For patients who wake up with stroke symptoms, intravenous tenecteplase is NOT currently recommended outside of clinical trials when selection is based on non-contrast CT alone, but MAY be considered as a reasonable alternative to alteplase when patients are selected using advanced imaging (DWI-FLAIR mismatch or perfusion imaging). 1

Evidence-Based Recommendations by Selection Method

Non-Contrast CT Selection (Standard Imaging)

  • The European Stroke Organisation strongly recommends AGAINST using tenecteplase 0.25 mg/kg for wake-up stroke patients selected with non-contrast CT alone (low evidence, strong recommendation). 1
  • This recommendation reflects insufficient safety and efficacy data for this specific population when advanced imaging is not used. 1
  • The TWIST trial is currently investigating this exact question—tenecteplase versus standard care in wake-up stroke patients selected by non-contrast CT within 4.5 hours of awakening—but results are not yet available. 2

Advanced Imaging Selection (DWI-FLAIR Mismatch or Perfusion)

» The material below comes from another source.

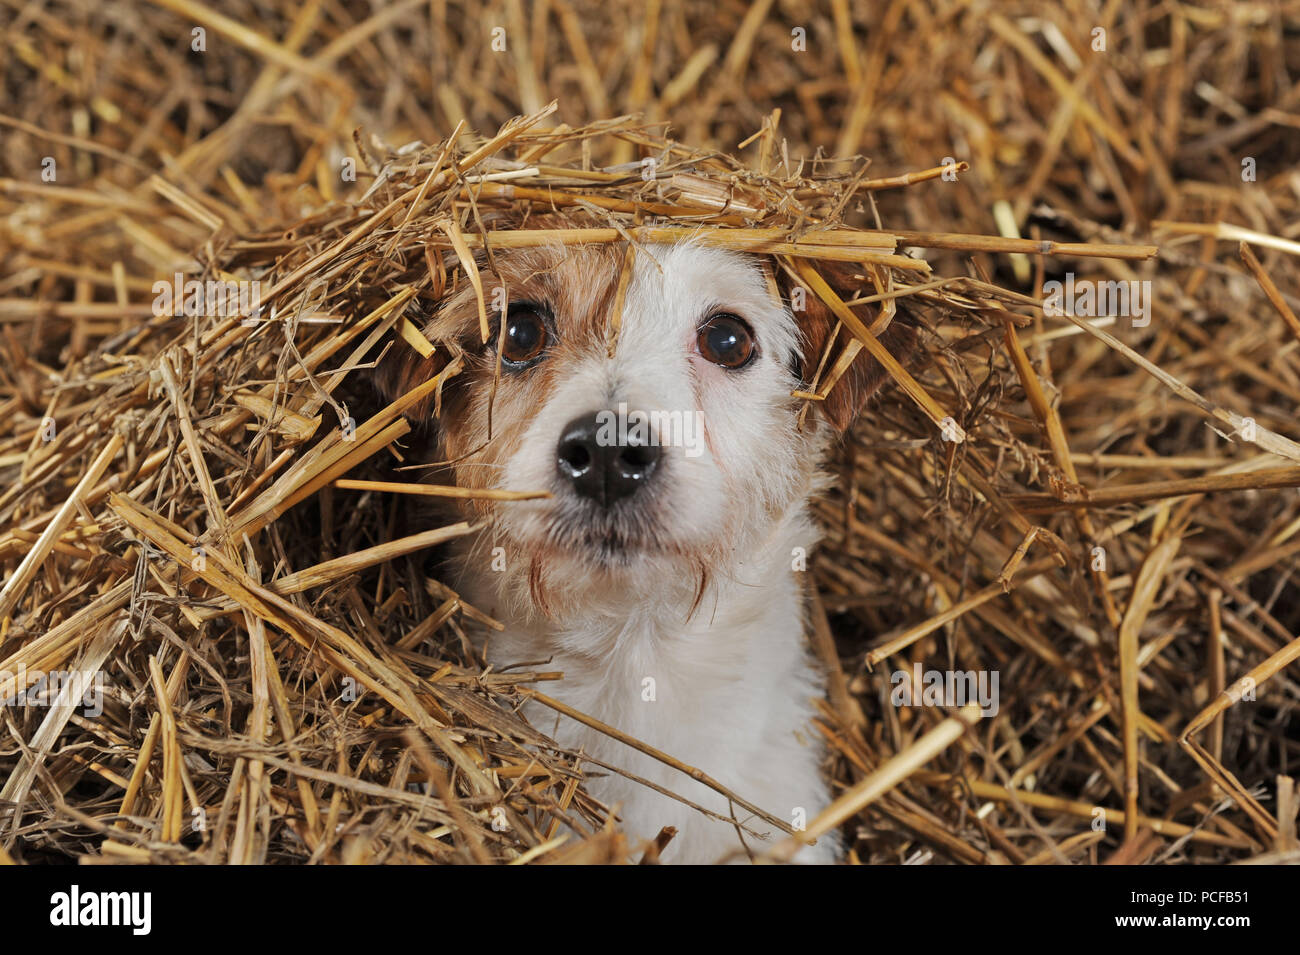 Jack Russell Terrier, brun et blanc, femelle couché dans la paille, portrait animal, studio shot, Allemagne Banque D'Images

  • The European Stroke Organisation provides an expert consensus statement that tenecteplase 0.25 mg/kg may be a reasonable alternative to alteplase 0.9 mg/kg for wake-up stroke patients who are IVT-eligible after selection with advanced imaging. 1
  • The WAKE-UP trial demonstrated that alteplase administered to wake-up stroke patients selected by DWI-FLAIR mismatch significantly improved functional outcomes (mRS 0-1: 53.3% vs 41.8%, adjusted OR 1.61,95% CI 1.06-2.36, p=0.02), establishing the validity of this imaging-based approach. 3
  • Given the proven non-inferiority of tenecteplase 0.25 mg/kg to alteplase 0.9 mg/kg in standard time-window patients, extrapolation to wake-up stroke selected by advanced imaging is biologically plausible. 1, 4

Imaging Criteria for Wake-Up Stroke Thrombolysis

MRI-Based Selection (Preferred)

  • Use DWI-FLAIR mismatch as the selection criterion: visible acute ischemia on diffusion-weighted imaging (DWI) with no corresponding hyperintensity on FLAIR sequences. 3
  • This pattern indicates stroke onset likely within 4.5 hours, as FLAIR changes typically appear 3-4.5 hours after symptom onset. 3
  • Treatment must be initiated within 4.5 hours of awakening or discovery of symptoms. 3

CT Perfusion-Based Selection (Alternative)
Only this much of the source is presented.